Our applications demonstrate that Fed-mv-PPCA is robust with respect to an increasing degree of heterogeneity across training centers, and provides high-quality data reconstruction, outperforming competitive methods in all scenarios. Moreover, when differential privacy is introduced, we provide an investigation of the method’s performance according to different privacy budget scenarios. It is worth noting that three DP hyperparameters play a key role, and could affect the performance of DP-Fed-mv-PPCA: the privacy budget parameters $(\epsilon,\delta)$ , and the clipping constant multiplying $\sigma_{\widetilde{\boldsymbol{\theta}}}$ . These parameters are tightly related and all contribute to determine the magnitude of the noise used for perturbing the updated difference $\overline{\Delta\boldsymbol{\theta}}$ . Indeed, increasing either $\varepsilon$ or $\delta$ , or reducing the multiplicative constant in the clipping mechanism, implies the addition of a smaller noise, hence the improvement of the overall utility of the global model. Nevertheless, smaller $\varepsilon$ and $\delta$ corresponds to higher privacy guarantees.

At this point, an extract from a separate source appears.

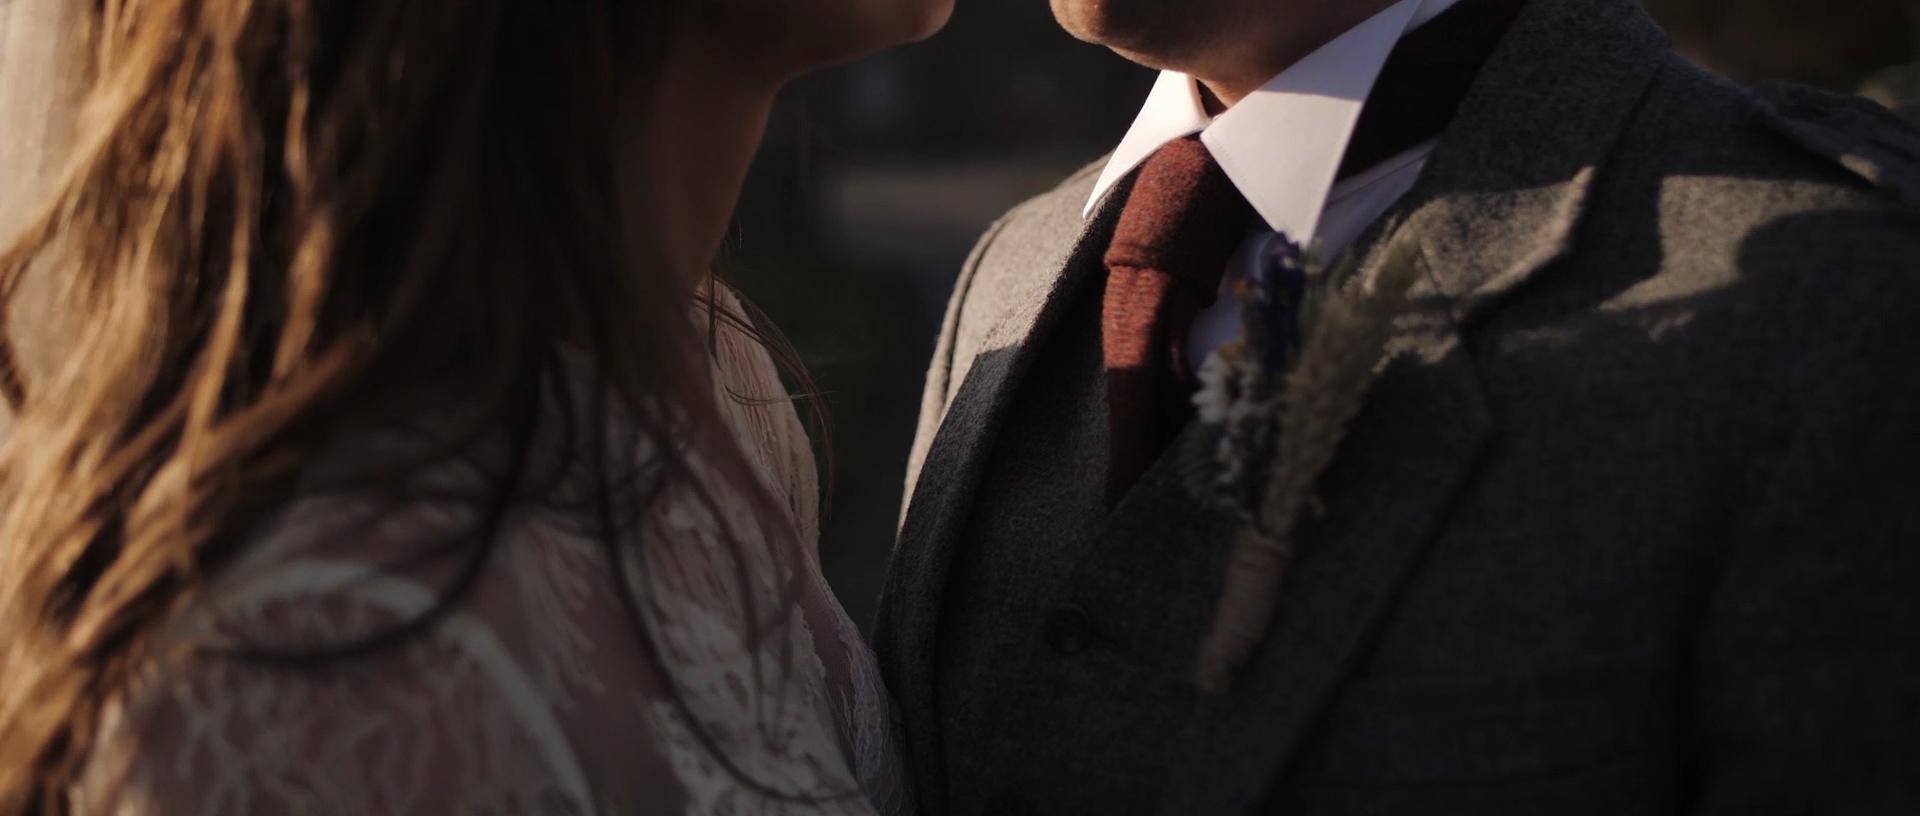 pratis-farm-wedding-videographer_LL_04.jpg

Further extensions of this work are possible in several directions. The computational efficiency of Fed-mv-PPCA and its scalability to large datasets can be improved by leveraging on data sparsity and optimizing matrix multiplications and norm calculations as showed by Elgamal et al. (2015). In addition, introducing sparsity on the reconstruction weights is also expected to improve the robustness of the approach to non-informative dimensions and modalities. Another interesting research direction concerns the handling of missing data. Indeed, in this paper we considered Missing At Random (MAR) views in local datasets due to heterogeneous pipelines (Rubin, 1976). Fed-mv-PPCA could be extended to take into account and impute Missing Not At Random (MNAR) data as well, covering for instance the case of missing data due to self censoring, of interest in the biomedical context.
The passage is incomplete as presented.